Glycemic Index of Canned pears
Fruits
Choose Canned pears for sustained energy with its low GI of 55. Smart nutrition providing 65 calories, 15.6g slow-release carbs per 100g serving.
Glycemic Index
Low glycemic index - causes a slow, steady rise in blood sugar
Glycemic Load
Low glycemic load - minimal blood sugar impact
Nutrition Facts
per 100gGlycemic Index Analysis
Understanding Canned pears GI Rating
Canned pears registers a glycemic index of 55, placing it in the low GI category.This low rating indicates that Canned pears is digested and absorbed slowly, causing a gradual rise in blood glucose levels. This makes it an excellent choice for maintaining stable energy and supporting diabetes management.
Blood Sugar Impact Guide
Health Benefits & Blood Sugar Impact
Blood Sugar Response
As a low GI food, Canned pears provides sustained energy release and helps maintain stable blood sugar levels, making it excellent for diabetes management and long-term energy.
Nutritional Benefits
- Rich in natural antioxidants and vitamins
- Provides essential fiber for digestive health
- Contains natural sugars with beneficial phytonutrients
- Supports immune system function
- May help reduce inflammation
Optimal Consumption Timing
Canned pears can be consumed at any time of day and is particularly beneficial for sustained energy during long periods between meals.
Preparation & Usage Tips
Recommended Preparation Methods
- Fresh and raw for maximum nutrition
- Dried for concentrated energy
- Blended into smoothies with protein
- Baked or grilled as healthy desserts
Serving Suggestions
For optimal blood sugar management, consider pairing Canned pears with other low GI foods, protein, or healthy fats for sustained nutrition.
How Canned pears Compares
Compare Canned pears's GI rating of 55 with similar foods in the fruits category:
Glycemic Index Comparison
Frequently Asked Questions
What is the glycemic index of Canned pears?

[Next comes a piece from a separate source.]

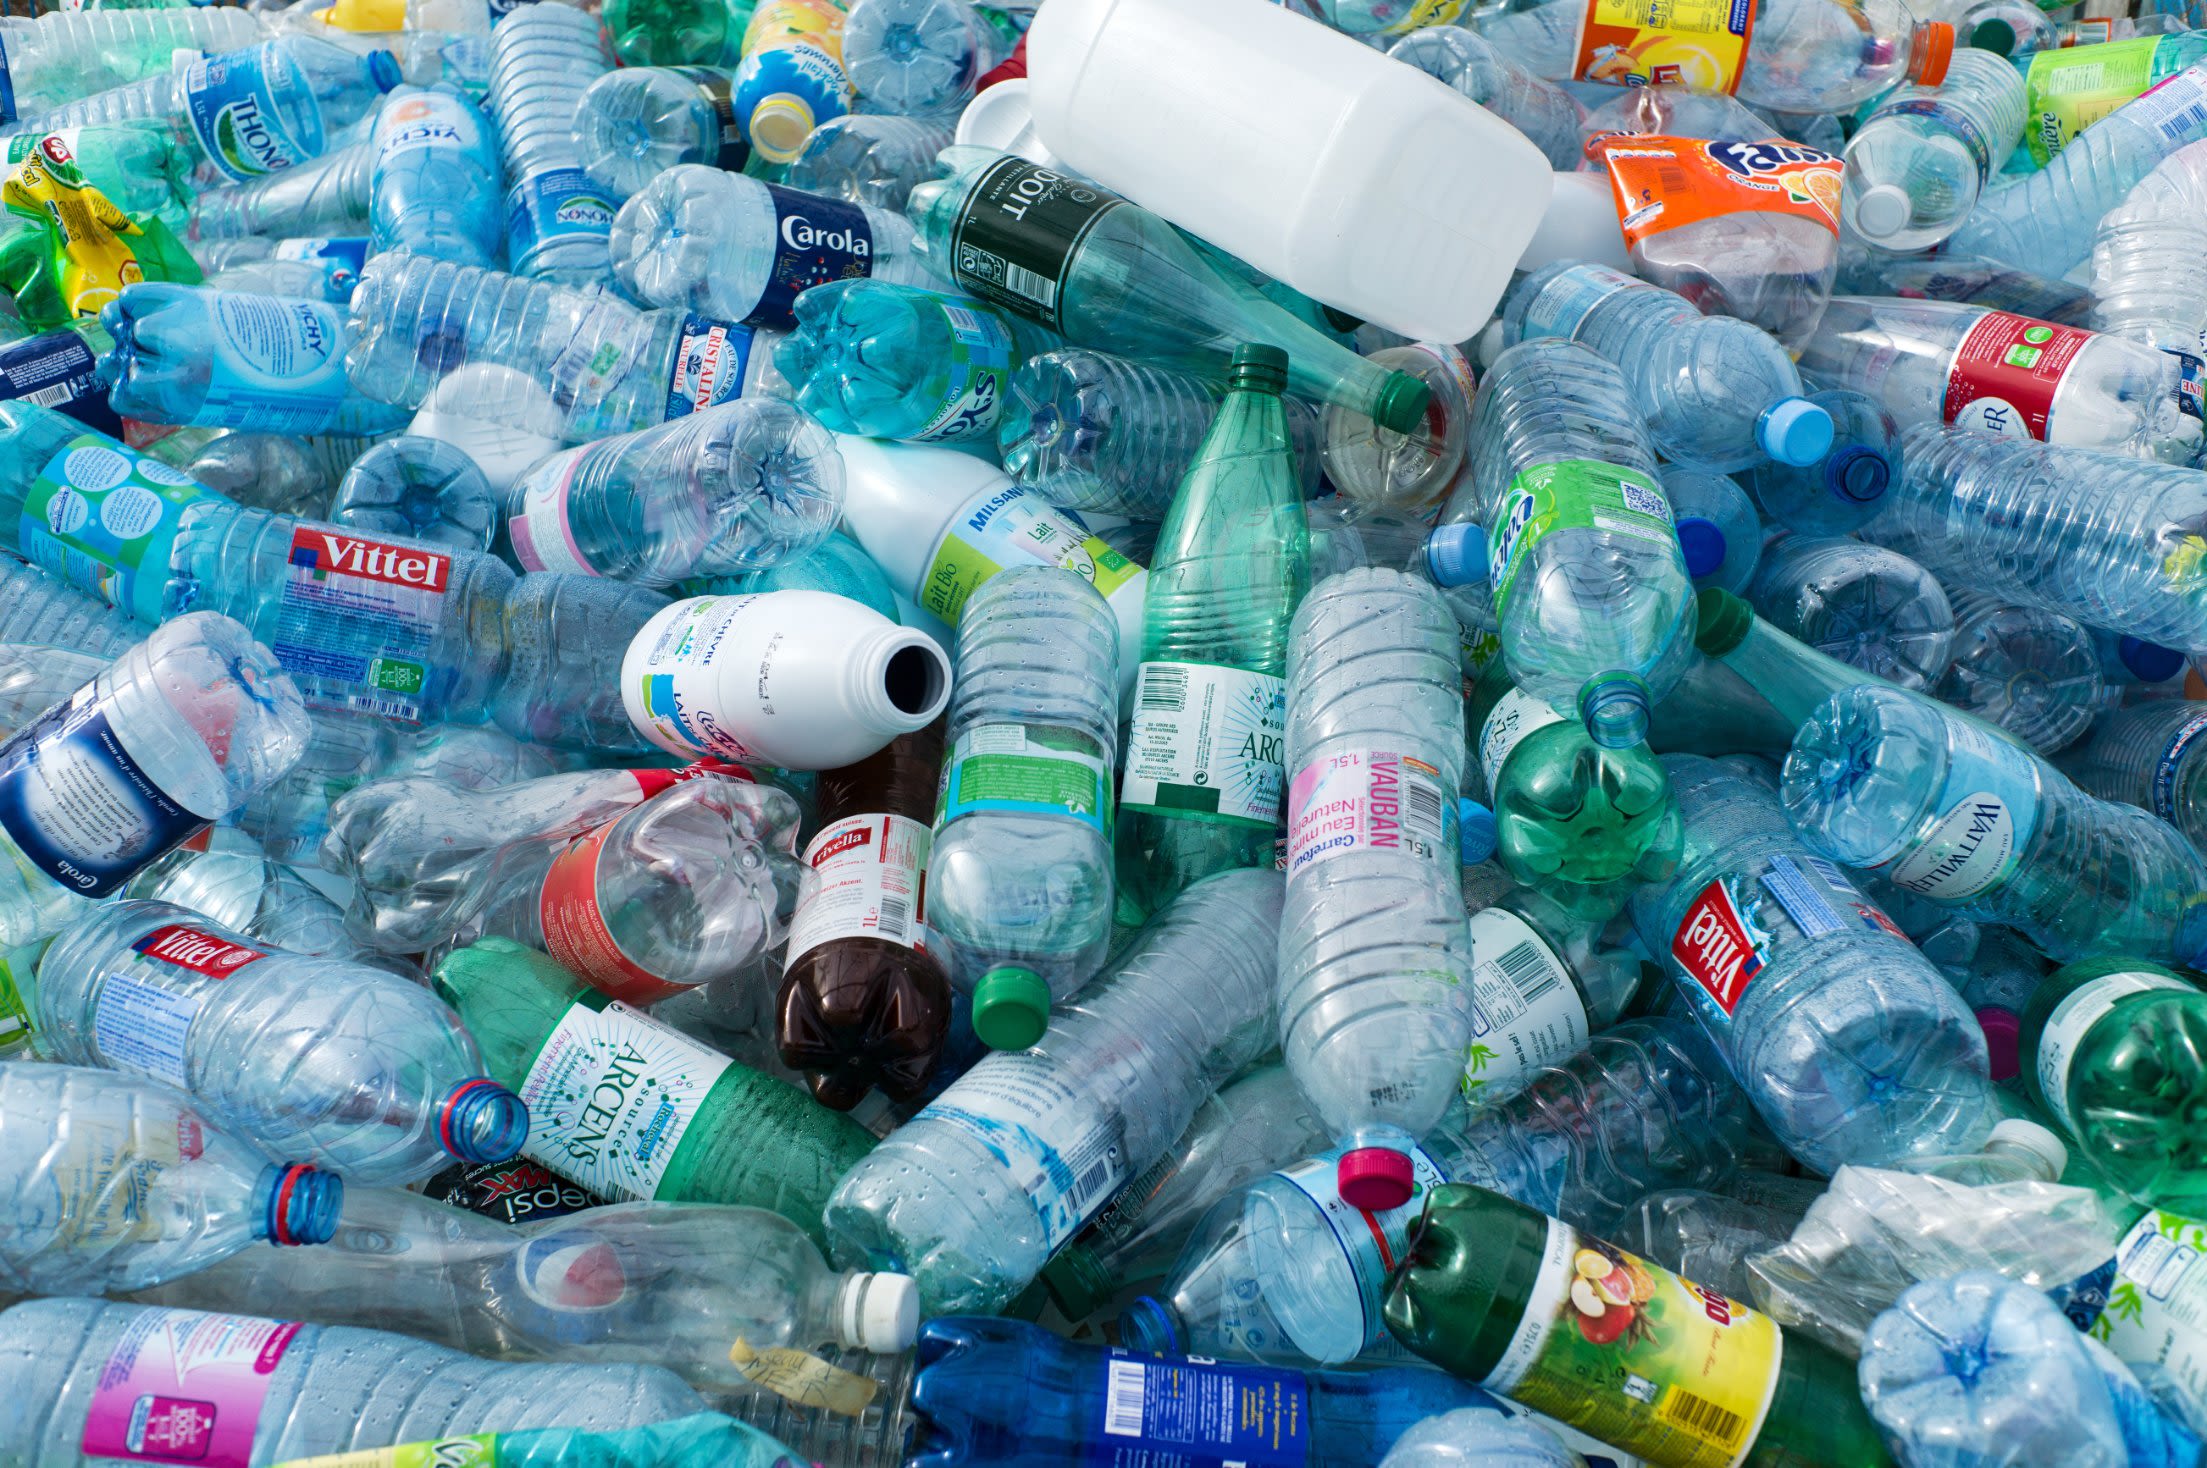 Alternatives to plastic water bottles

Canned pears has a glycemic index (GI) of 55, which is classified as low GI. As a low GI food, Canned pears provides sustained energy release and helps maintain stable blood sugar levels, making it excellent for diabetes management and long-term energy.

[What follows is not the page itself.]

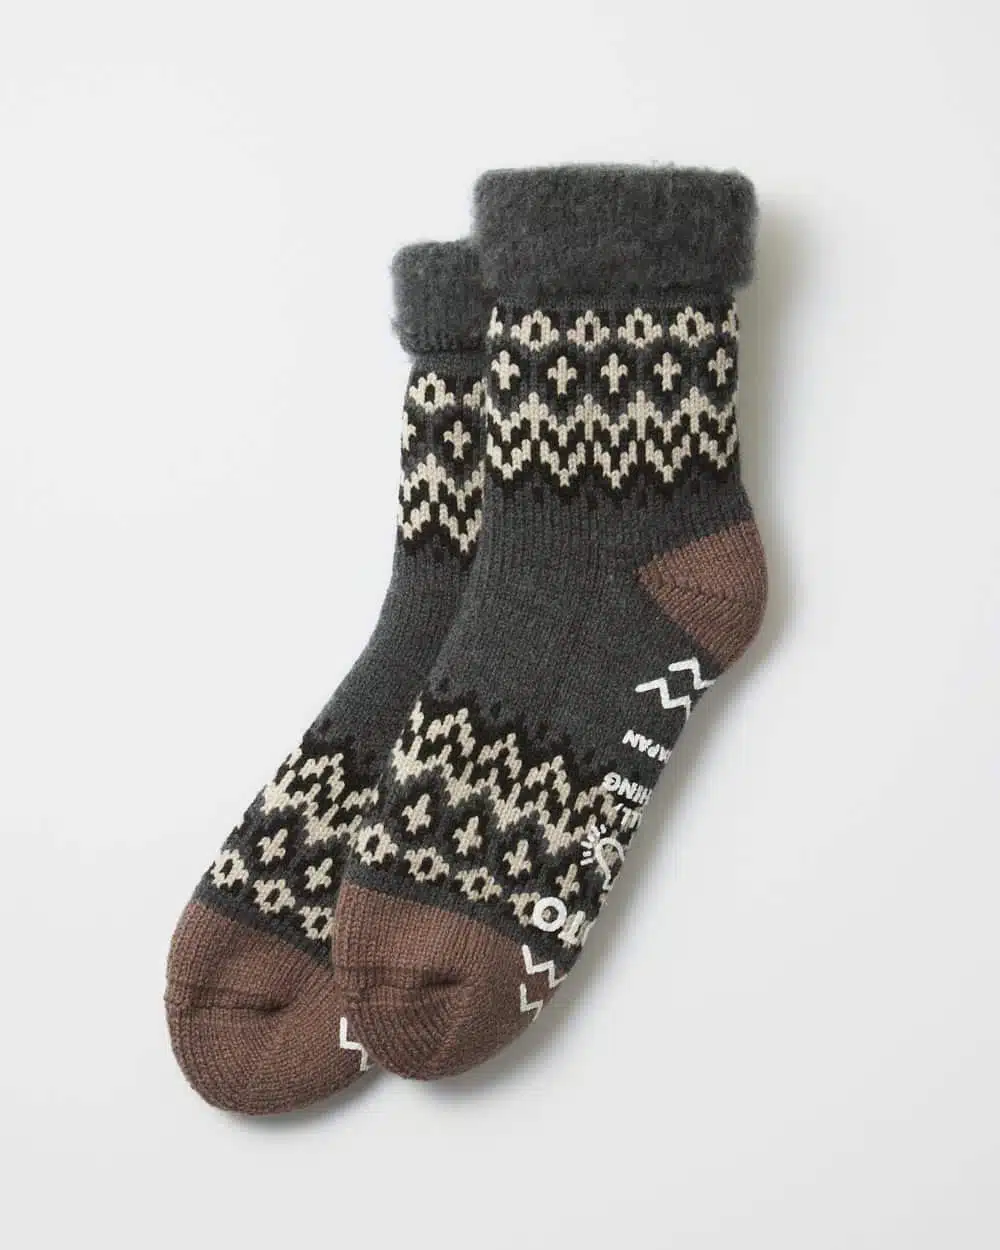 RoToTo Comfy Room Socks "Nordic" - Charcoal

What is the glycemic load of Canned pears?
This food has a glycemic load (GL) of 8.6, which is considered low GL. Glycemic load takes into account both the quality and quantity of carbohydrates in a typical serving, providing a more practical measure for meal planning.
How many calories does Canned pears contain?

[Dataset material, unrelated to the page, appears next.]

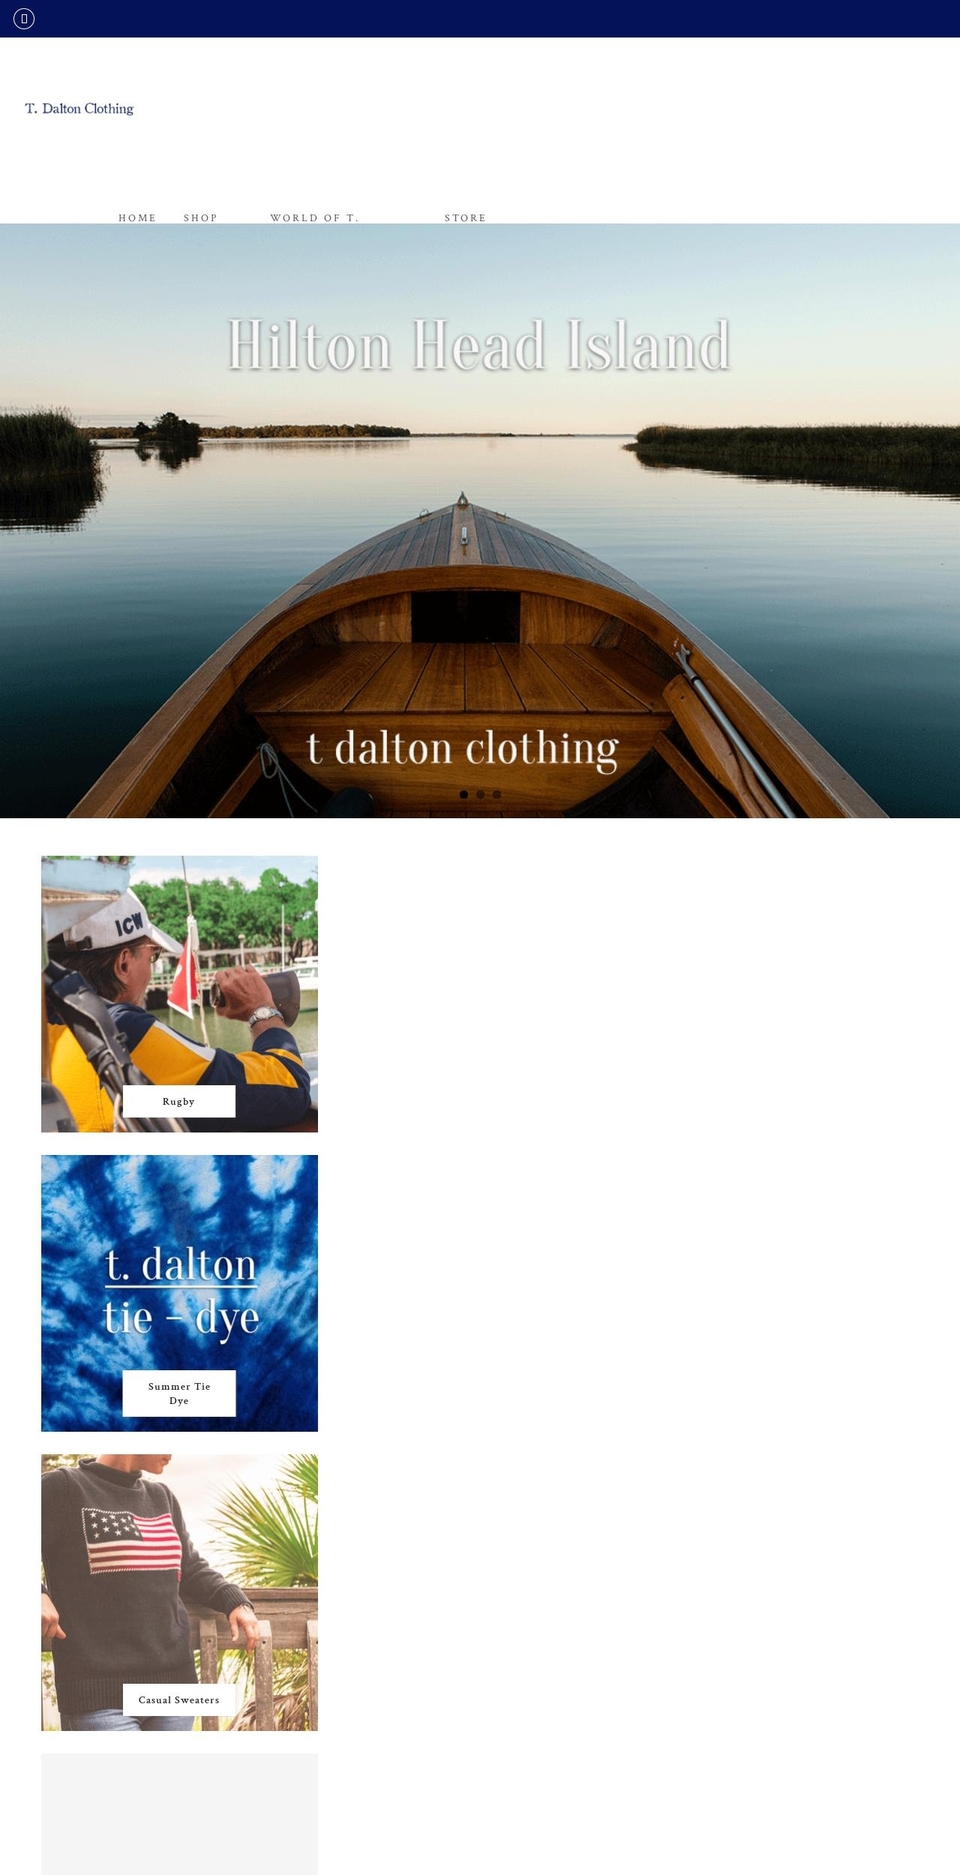 tdaltonclothing.com shopify website screenshot

Each 100g serving contains 65 calories, making it a low-calorie food choice. This can be incorporated into various diet plans depending on your caloric needs and activity level.
What nutrients does Canned pears provide?
Per 100g serving, it provides 15.6g carbohydrates, 0.2g protein, and 0g fat. Rich in natural antioxidants and vitamins Provides essential fiber for digestive health The low GI makes it suitable for stable energy and blood sugar management.
Can diabetics include Canned pears in their diet?
Yes, this is an excellent choice for diabetics with its low GI of 55. It helps maintain stable blood sugar and can be included regularly in meal plans.
What makes Canned pears different from other fruits?
Canned pears stands out among fruits with its unique GI of 55 and GL of 8.6. As a low GI food, Canned pears provides sustained energy release and helps maintain stable blood sugar levels, making it excellent for diabetes management and long-term energy. It also provides the typical fruit benefits of vitamins, antioxidants, and natural fiber.
How should I prepare Canned pears for best nutrition?
Canned pears is best consumed fresh and raw to maximize its vitamin and antioxidant content. Fresh and raw for maximum nutrition You can also dried for concentrated energy.
How does Canned pears affect blood sugar levels?
The glycemic index of 55 causes a gradual, steady rise in blood glucose, making it ideal for maintaining stable energy levels. This makes it excellent for diabetes management.
When is the best time to eat Canned pears?
Canned pears can be consumed at any time of day and is particularly beneficial for sustained energy during long periods between meals. The low GI makes it suitable for any time of day, especially for sustained energy needs.